In today’s business environment, project management has never been more critical to the success of enterprise ventures. Using project management methodologies, teams can keep an eye on the risks, scope and tasks associated with projects.
And while solid methodologies have helped complete large and intricate project for years, even small projects now have significant complexities and integrations inherent in their execution. As a result, the number of software tools specifically geared to help keep projects on track and help project managers get a handle on all of the moving parts has exploded. With so many choices, it’s hard to decide what the best tool is for an organization. CIO’s article on the subject, 11 Tips to Get the Most Out of Project Management Software, provides some guidelines, but 4 items in particular stand out:
Do a needs analysis: know what you’re tracking and what kinds of project will be managed with the tool
Consider a cloud-based service: Cost of ownership and deployment are two critical factors to consider when adopting a new tool, and cloud based tools frequently come out on top of those comparisons
Consider scalability: as your company grows, so will the number of users of the tool and the complexity of what’s being tracked with it
Integration with core apps: If your organization already had mission critical applications in use, your project management tool will be more useful, and experience faster acceptance, if it integrates with those existing applications
The last point, in particular, can make or break the adoption of your new toolset. This is especially true if your organization is heavily – or even moderately – invested in the Salesforce platform. Because Salesforce can house your client data, project information and even facilitate team collaboration, it makes sense to use a project management tool that can incorporate that information and minimize the need for duplicate, and inevitably mismatched, data and communication.

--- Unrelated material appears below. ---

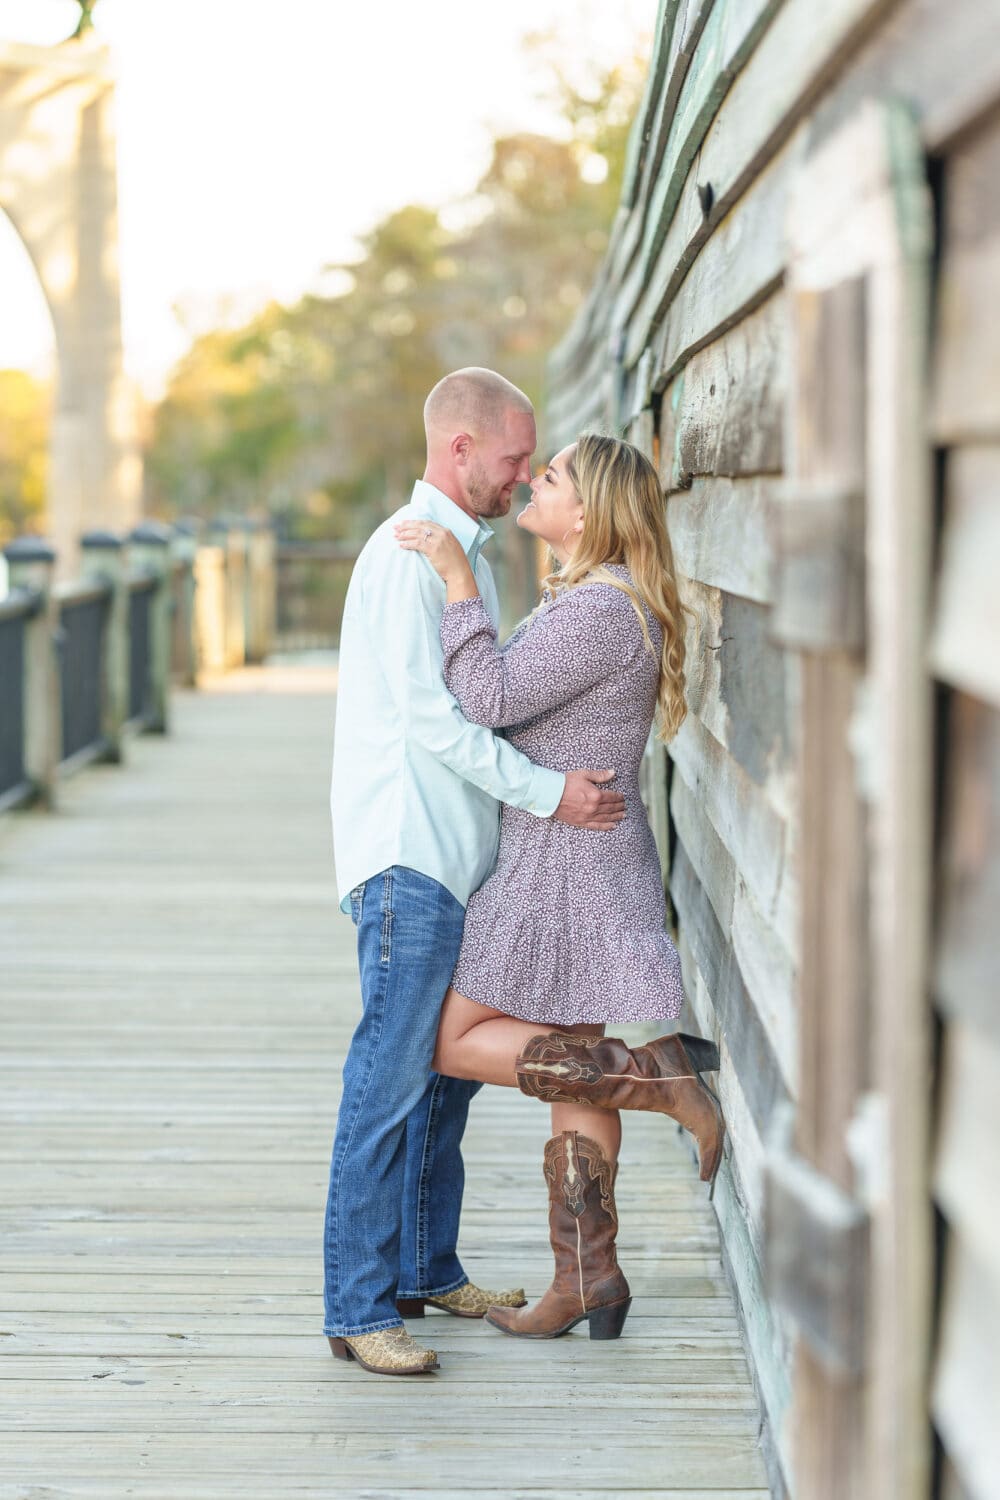 Engagement portraits for my friends from Crossfit with cowboy boots by the Waccamaw River - Conway River Walk

There are two types of project management tools that work with Salesforce – ones that integrate with the platform, using their own controls and establishing connections between Salesforce and their application, and ones that are applications that live inside the Salesforce ecosystem, adapting the common controls and leveraging the familiar tools that are part of the platform.
Below, we look at some of the most popular examples of each type as well as look at a tool that can elevate your project management to the next level.
Project Management Tools that Integrate with Salesforce
A number of project management tools in the market today stand separate from existing platforms like Salesforce. These applications allow users some flexibility with the outside tools that they can integrate with, perhaps offering connections not only to Salesforce but to accounting packages, time tracking and other business applications. One point to keep in mind when investigating tools that provide connections to outside applications – maintaining multiple integration points across your enterprise landscape can backfire, creating more work for your support teams, not less.
With these caveats in mind, you may still feel that a standalone solution will satisfy the requirements of your organization’s projects. Here are a few of the top contenders to consider that will integrate with Salesforce and a number of other applications as well.
Billing itself as “all in one collaboration software”, Wrike goes beyond project management, offering solutions for marketing, creative and product management teams in addition to the project management tools. While some companies may appreciate the range of tools available under one roof, others may find that they are only using a limited set of what’s available. The project management application itself, however, has all of the features you’d expect from the tool, including Gantt charts and resource management boards.
To integrate Wrike with Salesforce, you must request the integration instructions from the Wrike team through your Salesforce interface. Once set up, teams can be siloed but have access to project information. For Salesforce authorized users, Wrike tasks can be assigned and the status of tasks can be viewed all without leaving Salesforce. For project teams that don’t have Salesforce access, tasks can be worked on as assigned and updated within Wrike.